‘If you can sit quietly after difficult news;
if in financial downturns you remain perfectly calm;
if you can see your neighbors travel to fantastic places without a twinge of jealousy;
if you can happily eat whatever is put on your plate;
if you can fall asleep after a day of running around without a drink or a pill;
if you can always find contentment just where you are:
you are probably a dog.’
– Jack Kornfield
I love this quote. It is a great reminder that being mindful does not mean that we no longer react to things. Being mindful doesn’t mean having no emotions and no preferences. And having a mindfulness practice doesn’t mean that we are mindful all the time.
However, this is also a reminder that our pets can teach us about mindfulness.
I have recently adopted a cat with my partner. She is an 8 year old Snowy Bengal rescue cat with three teeth and the most beautiful eyes in the world. Already she has taught me to be more present, more appreciative, and to just be. I am a bit of a workaholic and struggle to relax, even at the weekend. The first morning after Sheema arrived, I was sat in my living room with my ‘to-do’ list and she promptly came and sat on my list and demanded attention. Before I knew it an hour had passed and I had been fully present in the company of my new best friend.
Spending time with a pet can be a wonderful meditative experience. We can practice mindfulness by simply tuning into our senses in the present moment, by paying attention to the touch of our pet’s fur (or scales or feathers), or listening to the sounds our pets make (there is something really soothing about hearing a cat purr or even hearing a dog snore!). I love to watch the gentle rise and fall of Sheema’s belly as she breathes when she sleeps on my lap or by my side.

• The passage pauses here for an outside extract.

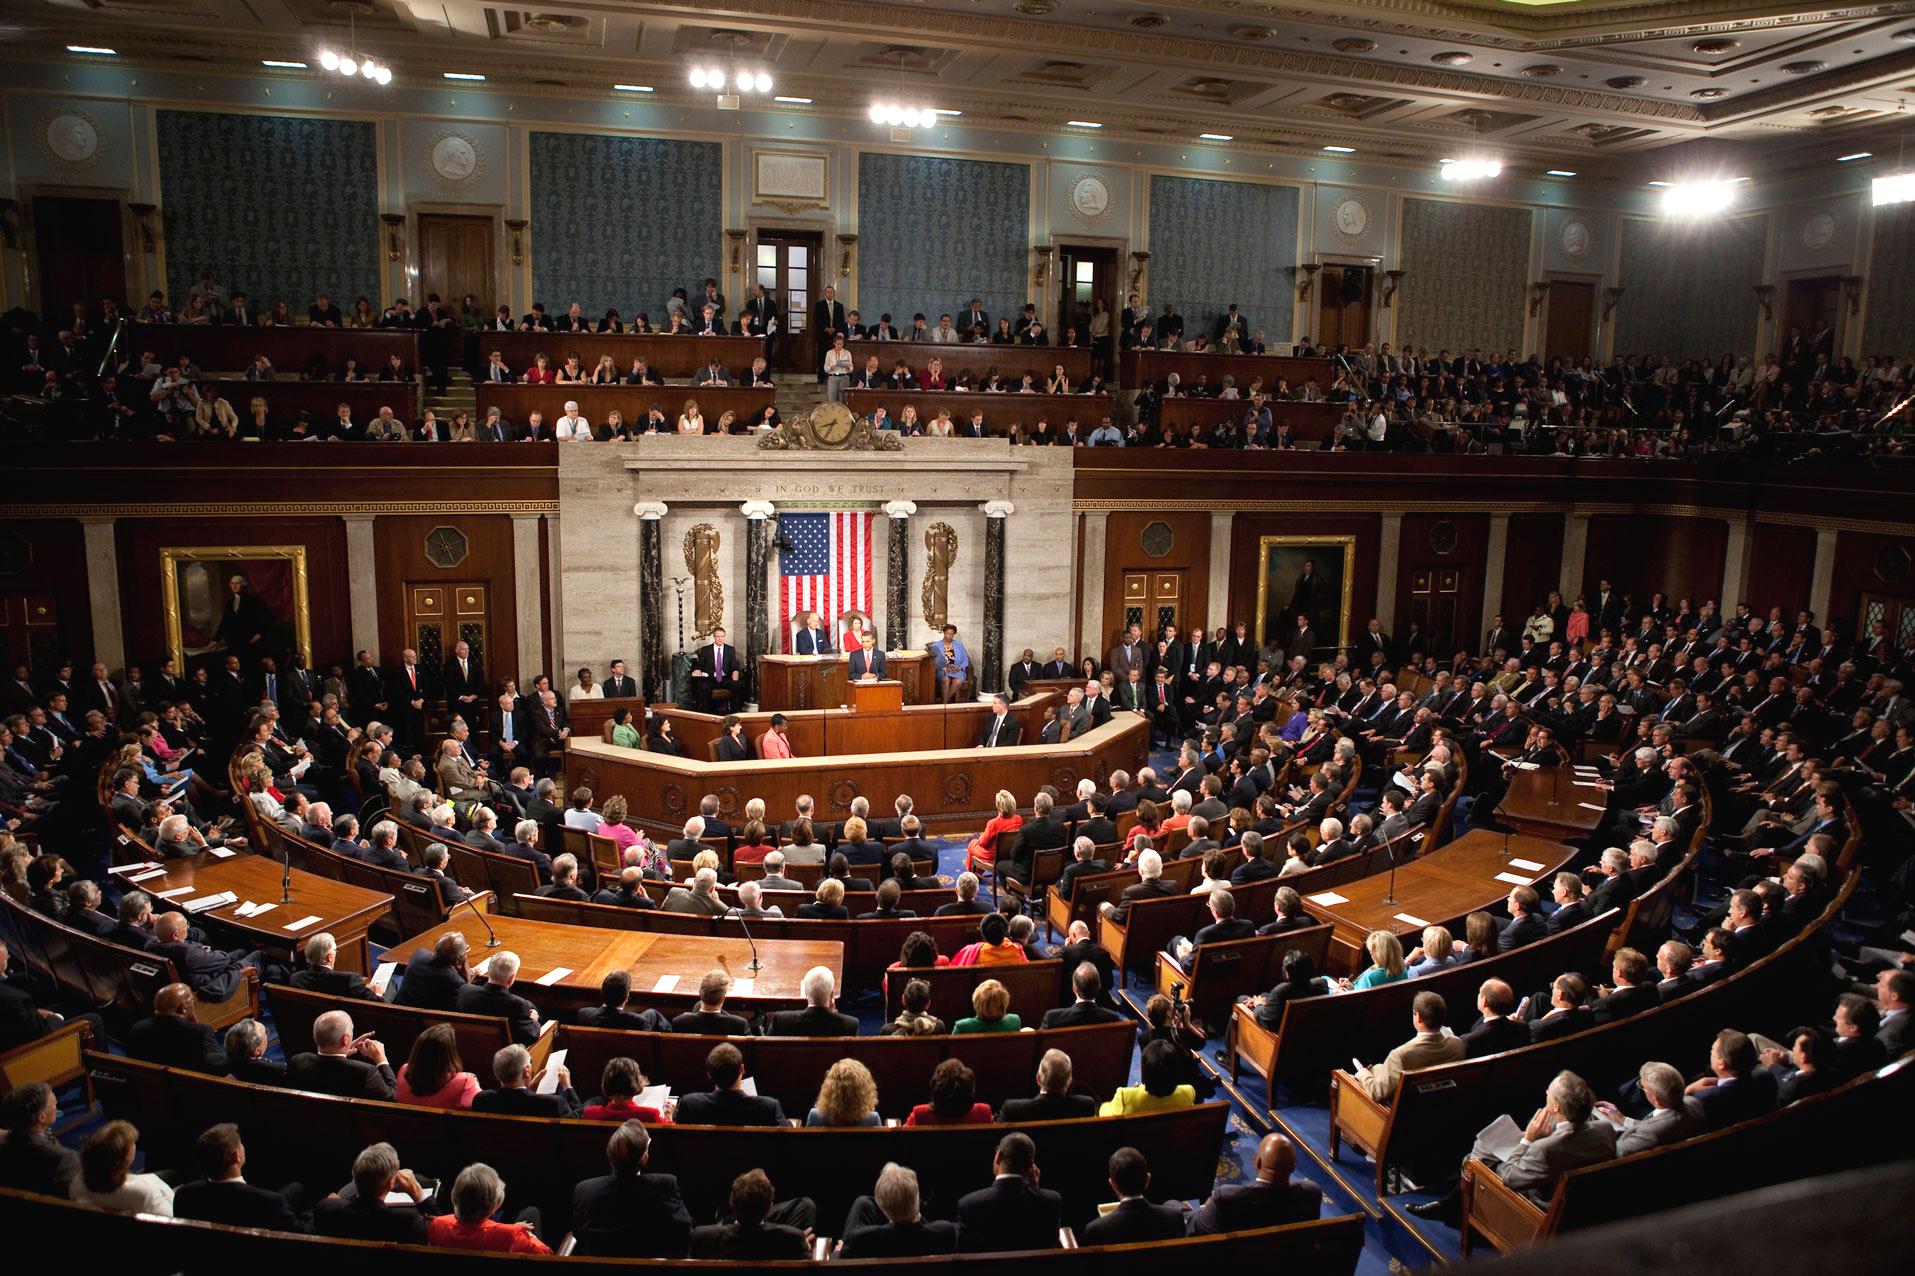 Конгрес США схвалив законопроект, що дозволяє провайдерам торгувати даними користувачів

Even the not so pleasant aspects of caring for our pets can be mindful. For many Zen practitioners, sweeping the floor can be a form of meditation. Maybe we can apply the same to cleaning out a rabbit hutch or a litter tray?

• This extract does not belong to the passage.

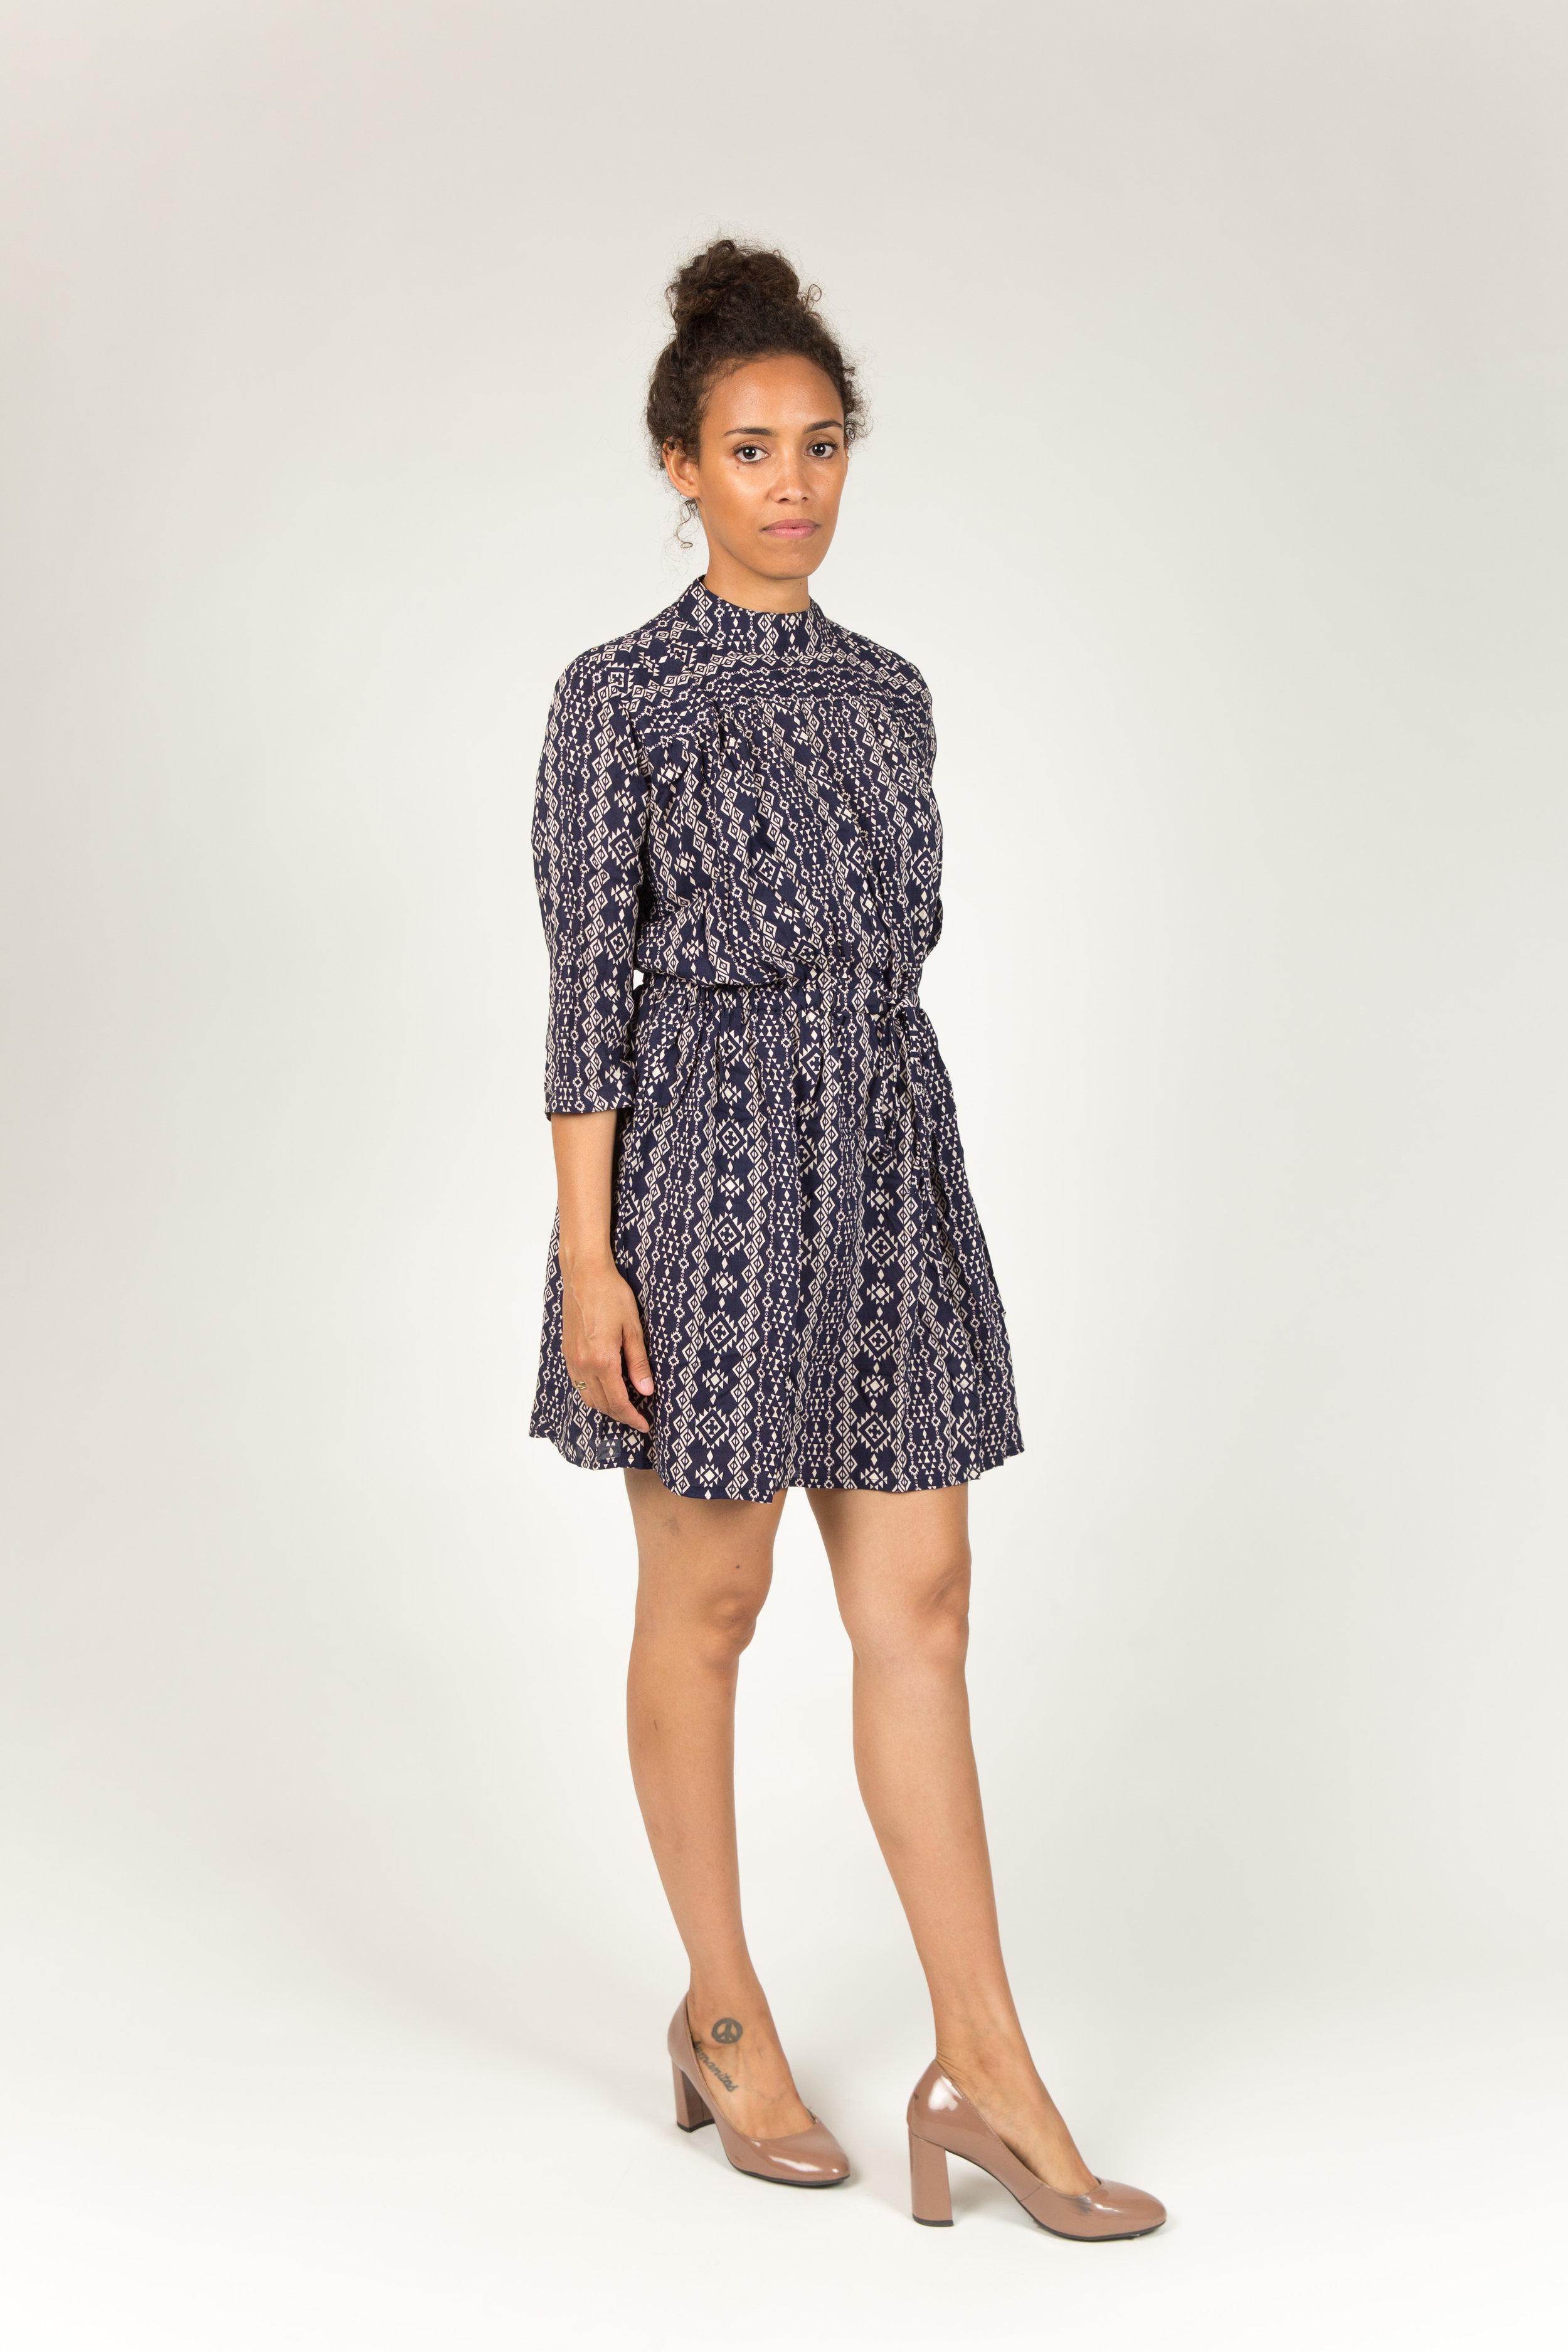 ALINE DARK BLUE DRESS100% COTTON -

According to Shoukei Matsumoto in the Guardian:
‘Cleaning practice, by which I mean the routines whereby we sweep, wipe, polish, wash and tidy, is one step on this path towards inner peace.’
Animals are generally in the present moment. As far as we are aware they do not plan and ruminate and worry in the same way that we do – (although of course our pets can experience anxiety). As long as Sheema has food, somewhere to sleep and plenty of cuddles she is basically pretty happy. And that is a reminder for me to get some perspective. I have all of my basic needs met and more – and Sheema can help me to be grateful for that!
Finally, pets are wonderful at helping us to embrace our silliness. Maybe it’s throwing a frisbee for your dog or playing with some string with your cat, it is hard to take yourself too seriously whilst playing – and that is really helpful. In spite of being middle aged in cat years, Sheema is very playful. She loves attacking shoelaces. She loves chasing random things around the floor (and losing them under the sofa). She even plays with her actual toys! What a lovely reminder to stop taking everything so seriously?